$F$ transforms like a tensor $\Rightarrow B$ transforms like a pseudo vector

Question

Notation: In the following $*$ is the hodge operator from $\Lambda^1(\mathbb R^{1\times 3})\cong \mathbb R^{1\times 3}$ to $\Lambda^2(\mathbb R^{1\times 3})\cong A\subset\mathbb R^{3\times 3}$ (or its inverse), where $A$ is the subspace of antisymmetric matrices.

I would like to check whether the assumption that the electromagentic tensor $F$ transforms like a tensor implies that the magnetic field $B$ transforms like a pseudo vector. $\newcommand{\hodge}{{*}}$ The electromagnetic tensor w.r.t. to a chart $\phi$ is given by an antisymmetric matrix \begin{equation} F_\phi=\left[ \begin{array}{c|c} 0 & -E^t \\ \hline E & \mathscr B \end{array} \right]\in\mathbb R^{4\times 4} \end{equation} with $\mathscr B=*(B^t)\in\mathbb R^{3\times 3}$ and we assume that $F_\psi=M^tF_\phi M$ where $M\in\mathbb R^{4\times 4}$ is the matrix identified wtih $D(\phi\circ\psi^{-1})\in L(\mathbb R^4,\mathbb R^4)$. For the case $$M=\left[ \begin{array}{c|c} 1 & 0 \\ \hline 0 & O^t \end{array} \right]$$ with $O\in\mathbb R^{3\times 3}$ orthogonal this reduces to \begin{equation} F'=\left[\begin{array}{c|c} 0 & -E^tO^t \\ \hline OE & O\mathscr BO^t \end{array} \right] \end{equation} We immediately see that $E$ transforms like a vector, but it is not obvious that $B$ transforms like a pseudo vector.
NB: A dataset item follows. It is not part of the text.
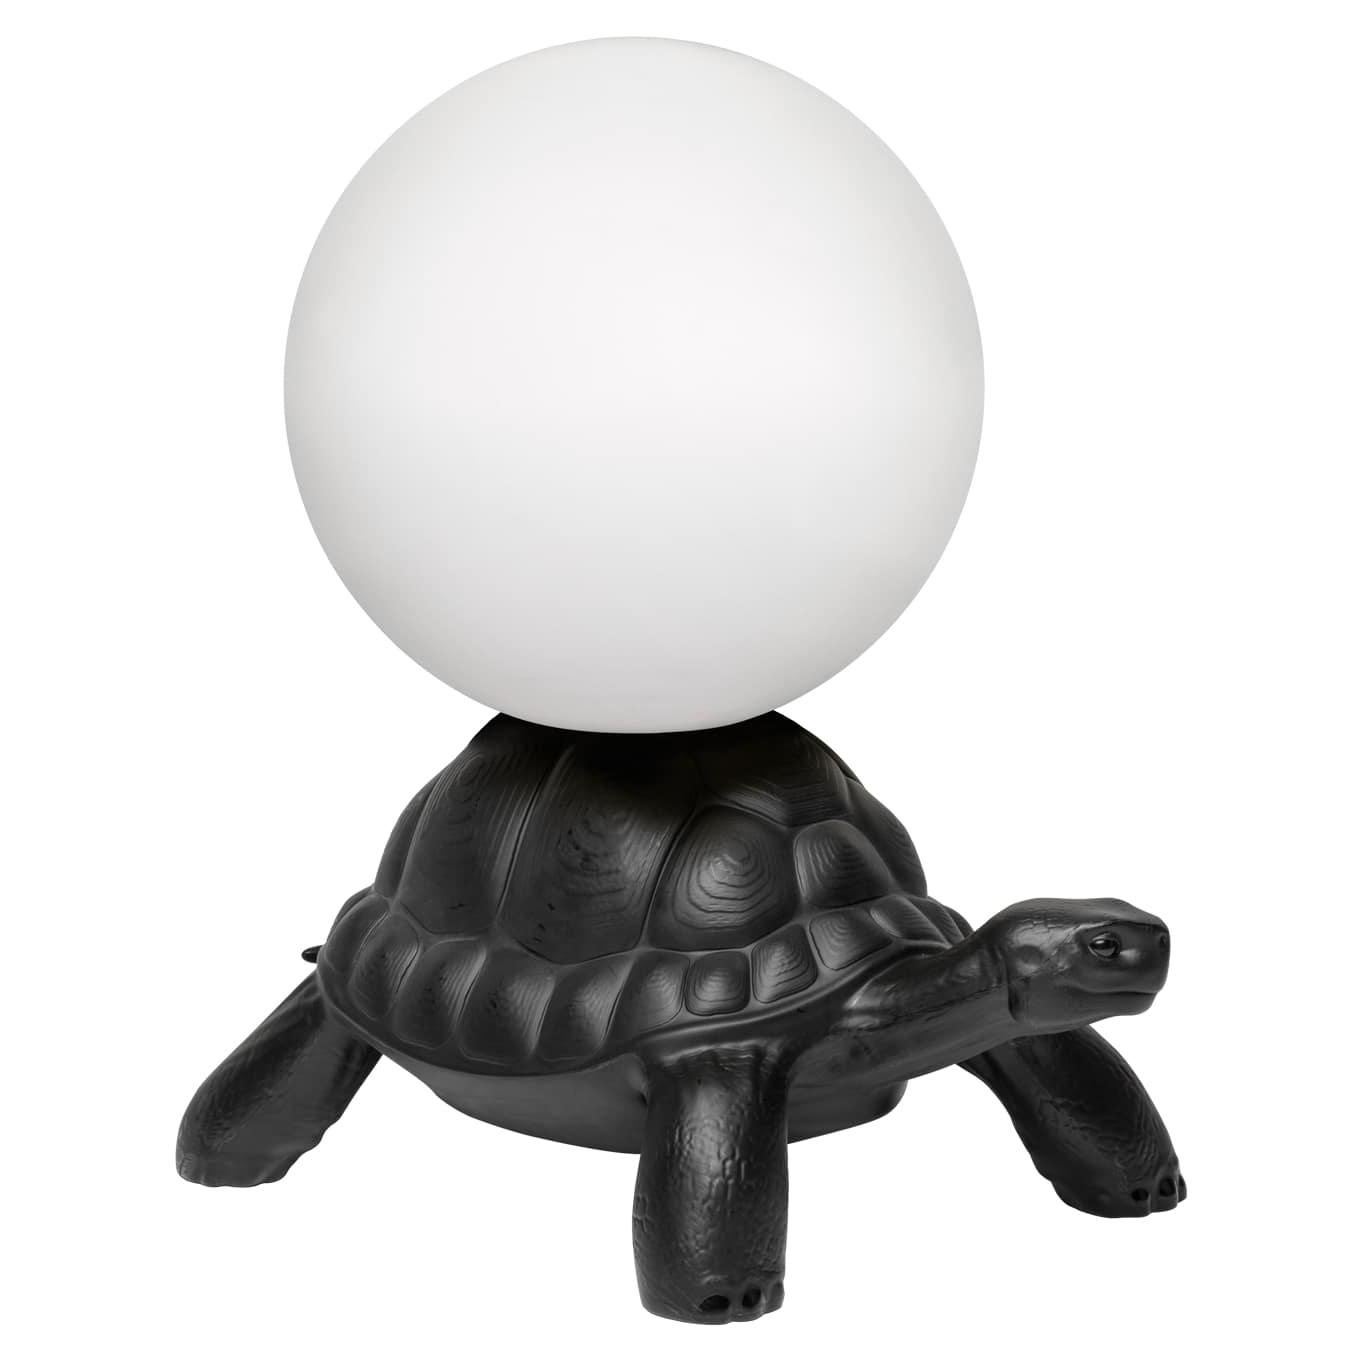 Carrylampe mit schwarzer Schildkröte, entworfen von Marcantonio

Thus, we want to prove the following implication: \begin{equation} \mathscr B'=O\mathscr BO^t\Rightarrow B'=(\det O)OB \end{equation} This implication is an immediate consequence of the following equation: \begin{equation} *(O\mathscr BO^t)=(\det O)B^tO^t \end{equation} Can someone give me a hint regarding how to prove the last equation?

Answer 1

You use rather a lot of complicated notation to express the simple fact that $$ B_i = \frac 12 \epsilon_{ijk}F^{jk}. $$ Now $F$ is a tensor, the Levi-Civita symbol is a pseudo-tensor (changes sign under orthogonal transformations $O$ that have ${\rm det} O=-1$), so their contracted product $B$ inherits the sign-change properties, making it a psudovector.

Answer 2

As @mikestone suggested, we can complete the proof by using the fact that the Levi-Civita-symbol transforms like a pseudo-tensor, i.e. $\epsilon_{klj}\det O=\epsilon_{pqr}O^p{}_kO^q{}_lO^r{}_j$: \begin{align} &\forall i:\det O(B^tO^t)_i=\det OB_jO^i{}_j=\det O\epsilon_{klj}\mathscr{B}_{kl}O^i{}_j&\\ &=\epsilon_{pqr}O^p{}_kO^q{}_lO^r{}_j\mathscr{B}_{kl}O^i{}_j=\underbrace{O^i{}_jO^r{}_j}_{=\delta_{ir}}\epsilon_{pqr}O^p{}_kO^q{}_l\mathscr{B}_{kl}&\\ &=\epsilon_{pqi}O^p{}_k\mathscr{B}_{kl}O^q{}_l=\epsilon_{pqi}(O\mathscr{B}O)^p{}_q=*(O\mathscr{B}O^t)_i& \end{align}